Building on his success

With over 200 projects under his belt, architect Arthur Spector is ready to take on even grander designs

Arthur Spector 521 (photo credit: 2013 The Robert Slater interview ARTHUR SPECTOR NA)
Arthur Spector 521
(photo credit: 2013 The Robert Slater interview ARTHUR SPECTOR NA)
Arthur Spector has been the “go-to” architect for the planning and designing of some of Israel’s landmark buildings, an impressive achievement for someone who, when he visited Israel for the first time in 1962, had not planned to spend more than a year in the Jewish state.
Since starting to work as an architect in Jerusalem in the early 1960s, Bostonborn Spector, 74, has planned and designed 200 projects, most of them in Israel.
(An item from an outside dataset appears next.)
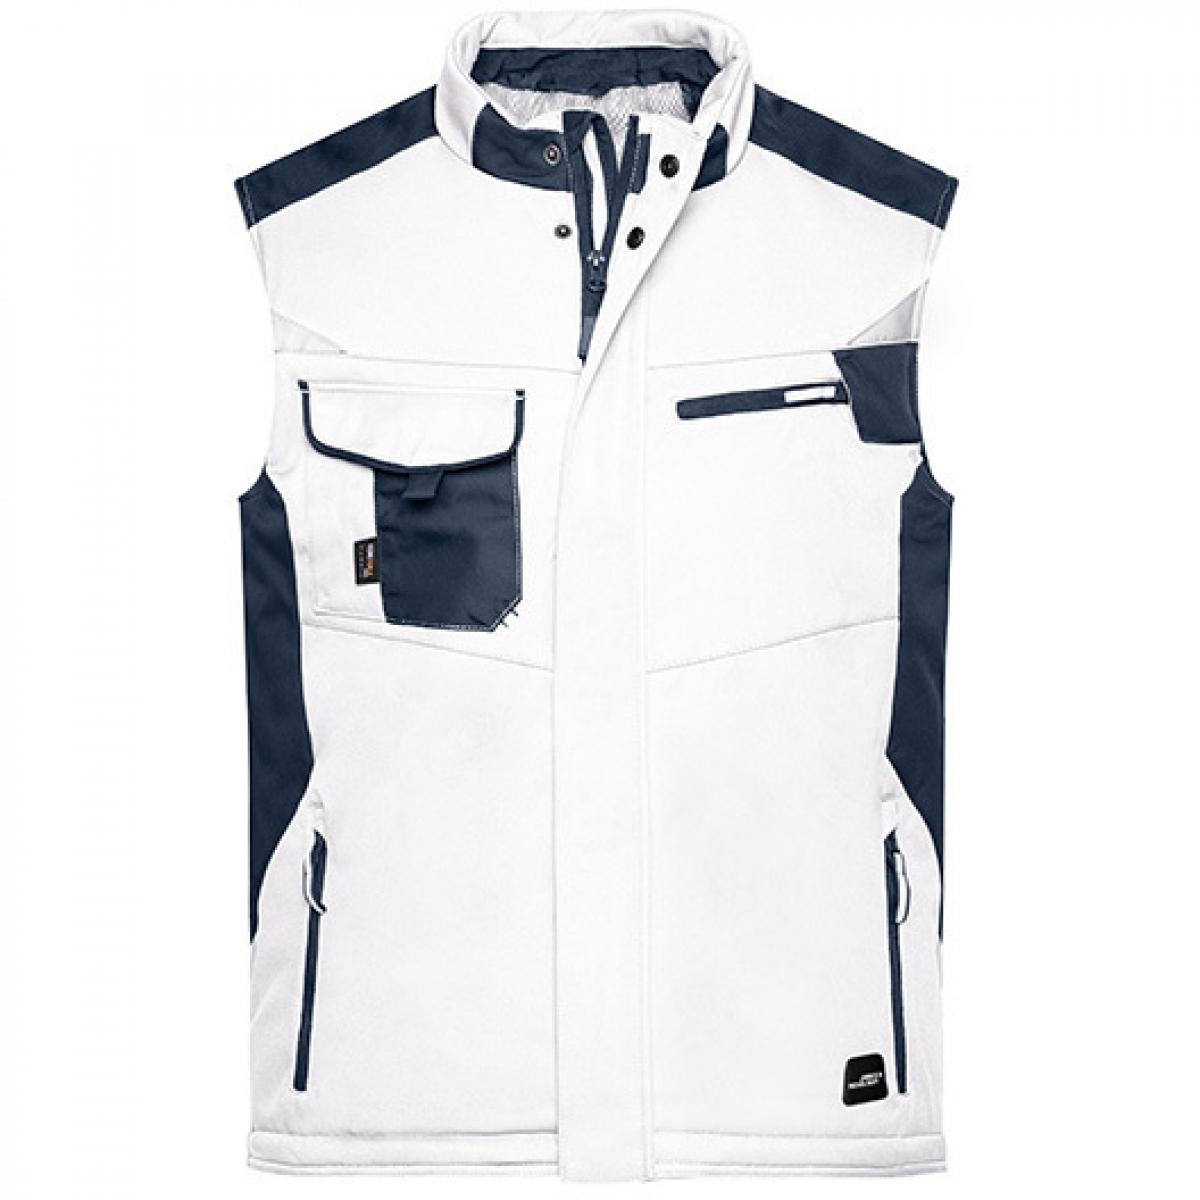 Hersteller: James+Nicholson Herstellernummer: JN825 Artikelbezeichnung: Herren Jacke, Craftsmen Softshell Vest -STRONG- Farbe: White/Carbon

These include the new $360 million hospital tower at Hadassah University Medical Center in Jerusalem’s Ein Kerem neighborhood; Beit Gabriel, the cultural and social center on Lake Kinneret (in partnership with the Plesner Weinman firm) and the Menachem Begin Heritage Center (“though,” quips Spector, “we didn’t share his politics”).
He has also built hospitals in West Africa and India. Spector has a special interest in designing hospitals. “I like the nitty gritty of it, the small stuff,” he tells The Jerusalem Report. “It is really a combination of science and art.” At present, he is involved in the construction of an 11,000-seat sports complex in Jerusalem.
In 1974, Spector designed the Sharett oncology building at the Hadassah facility in Ein Kerem. “We tried to treat people going for oncology with the most sensitivity that we could, warmer materials for the entrances so the doors say hello to you, and art that involves the patients. You try to get as close as you can to hospitality, similar to what hotels offer.” In 2001, in conjunction with the New York-based architectural firm Perkins Eastman, he began designing a new oncology department – the Davidoff Cancer Center – at the Rabin Medical Center in Petah Tikva.
The new center opened in 2005.
I met with Spector in his new office in a building he designed for the Rothschild Foundation, adjacent to Jerusalem’s YMCA, which is visible from his window. He has long wavy gray hair. His Boston accent is entirely gone. He is as busy as ever, with projects abroad and around Israel, especially in Jerusalem. Today, he presides over an office that has 21 associate architects in one of the country’s most prestigious architectural firms.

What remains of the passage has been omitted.